Pathways leading to a carbon neutral future for the German energy system have to deal with the expected phase-out of coal-fired power generation, in addition to the shutdown of nuclear power plants and the rapid ramp-up of photovoltaics and wind power generation. An analysis of the expected impact on electricity market, security of supply, and system stability must consider the European context because of the strong coupling—both from an economic and a system operation point of view—through the cross-border power exchange of Germany with its neighbors. This analysis, complemented by options to improve the existing development plans, is the purpose of this paper. We propose a multilevel energy system modeling, including electricity market, network congestion management, and system stability, to identify challenges for the years 2023 and 2035. Out of the results, we would like to highlight the positive role of innovative combined heat and power (CHP) solutions securing power and heat supply, the importance of a network congestion management utilizing flexibility from sector coupling, and the essential network extension plans. Network congestion and reduced security margins will become the new normal.
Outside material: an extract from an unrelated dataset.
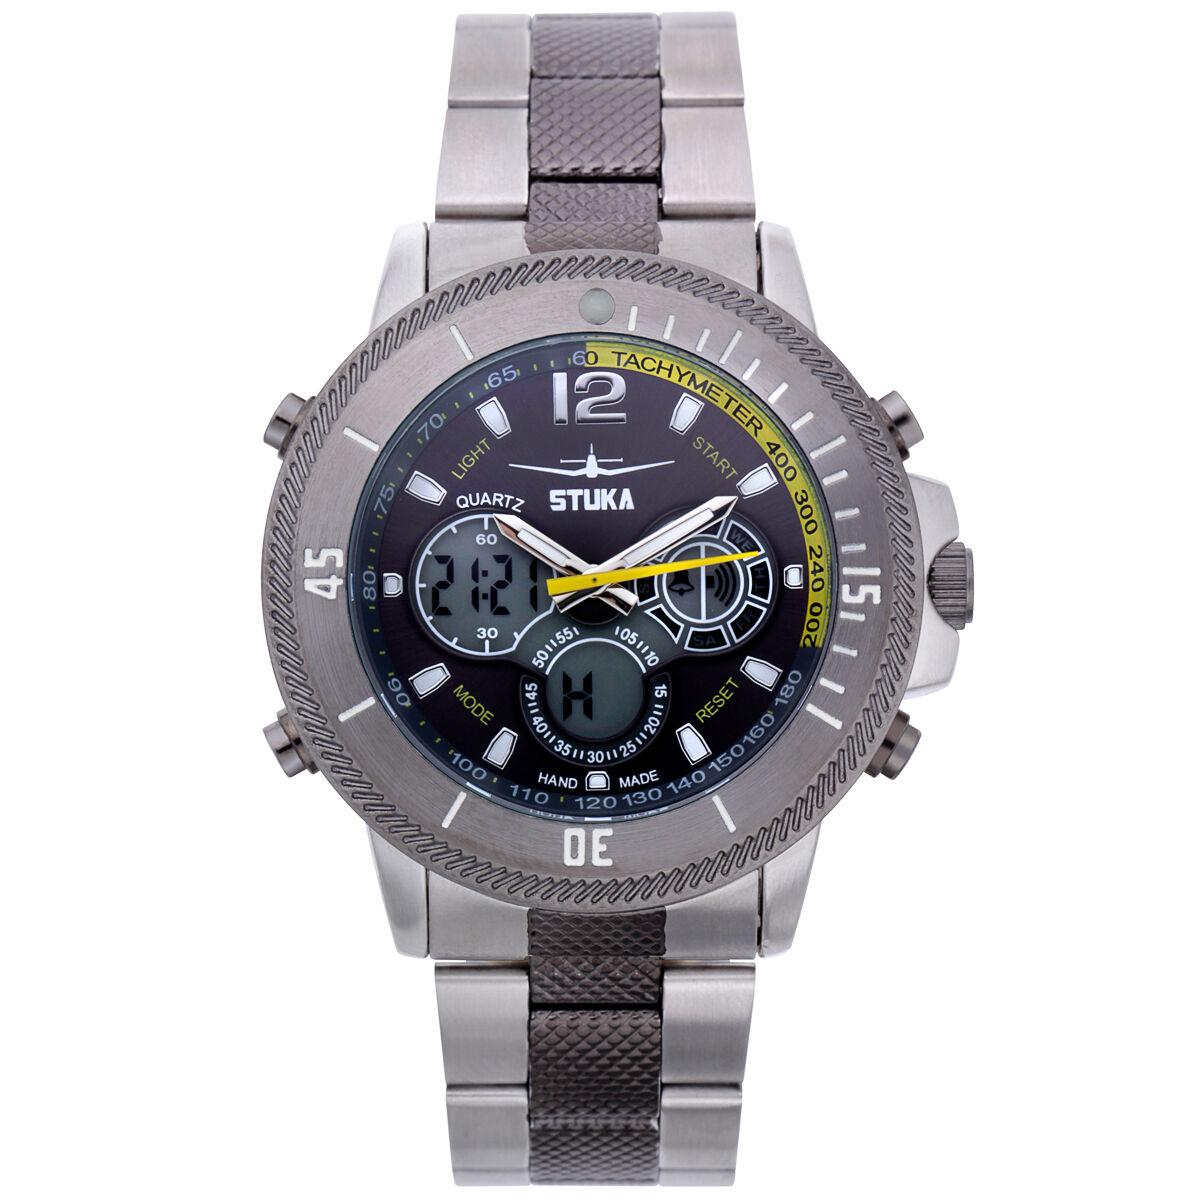 Stuka Ana-Digi Chronograph SR-71 Mens Watch/MSRP $669.00 3 C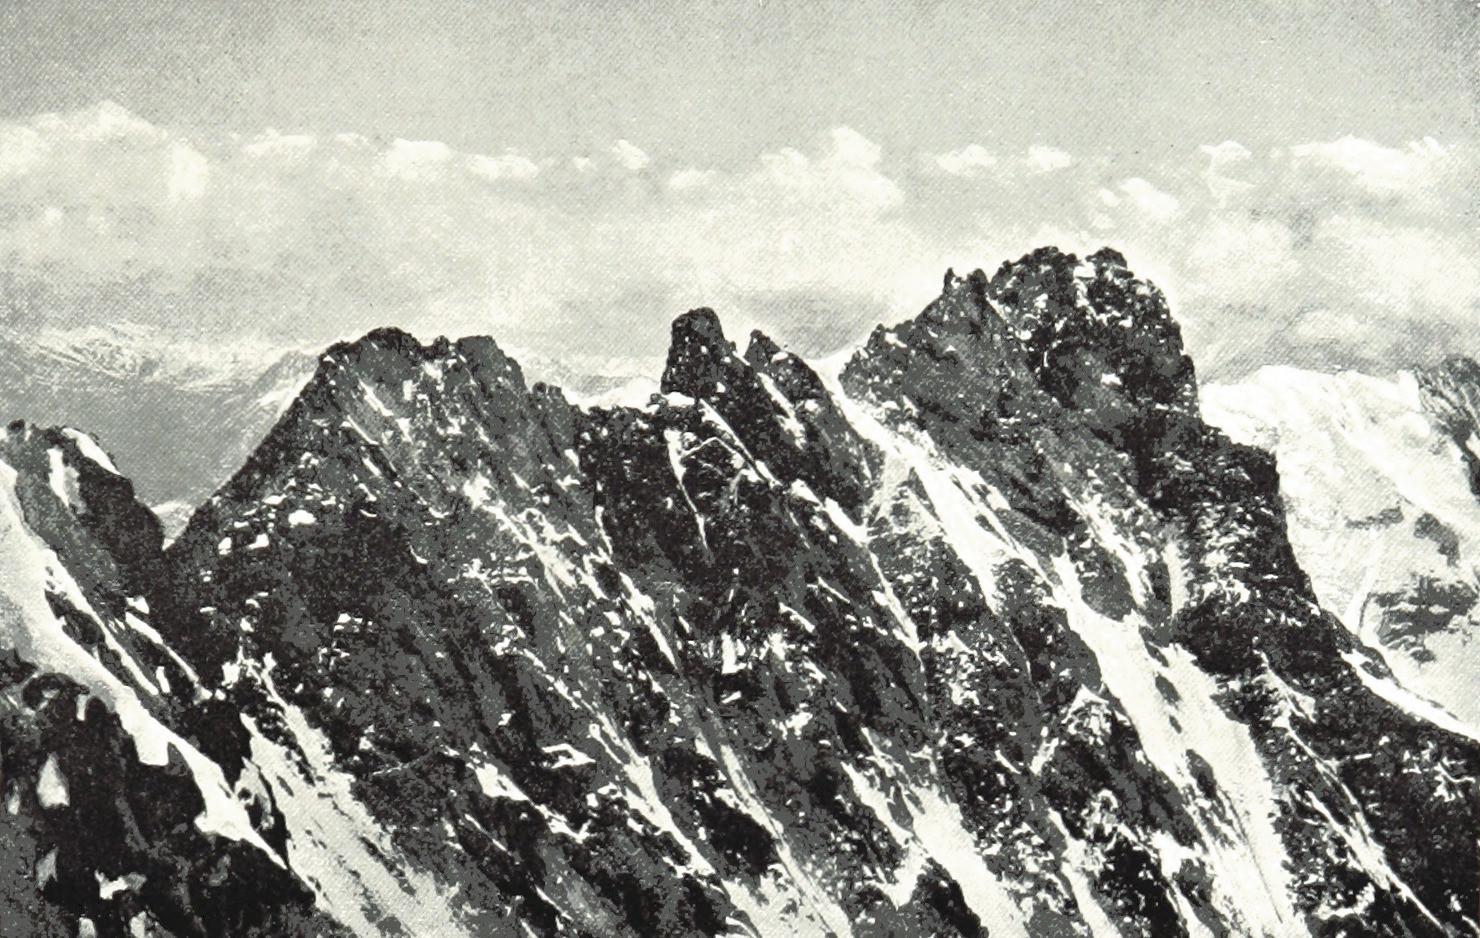 Lauteraarhorn vu du Schreckhorn par Theodor Wundt en 1898

We conclude that future energy systems require expanded flexibilities in combination with forward planning of operation.

Suggested Citation

  • Michael Metzger & Mathias Duckheim & Marco Franken & Hans Joerg Heger & Matthias Huber & Markus Knittel & Till Kolster & Martin Kueppers & Carola Meier & Dieter Most & Simon Paulus & Lothar Wyrwoll & , 2021. "Pathways toward a Decarbonized Future—Impact on Security of Supply and System Stability in a Sustainable German Energy System," Energies, MDPI, vol. 14(3), pages 1-28, January.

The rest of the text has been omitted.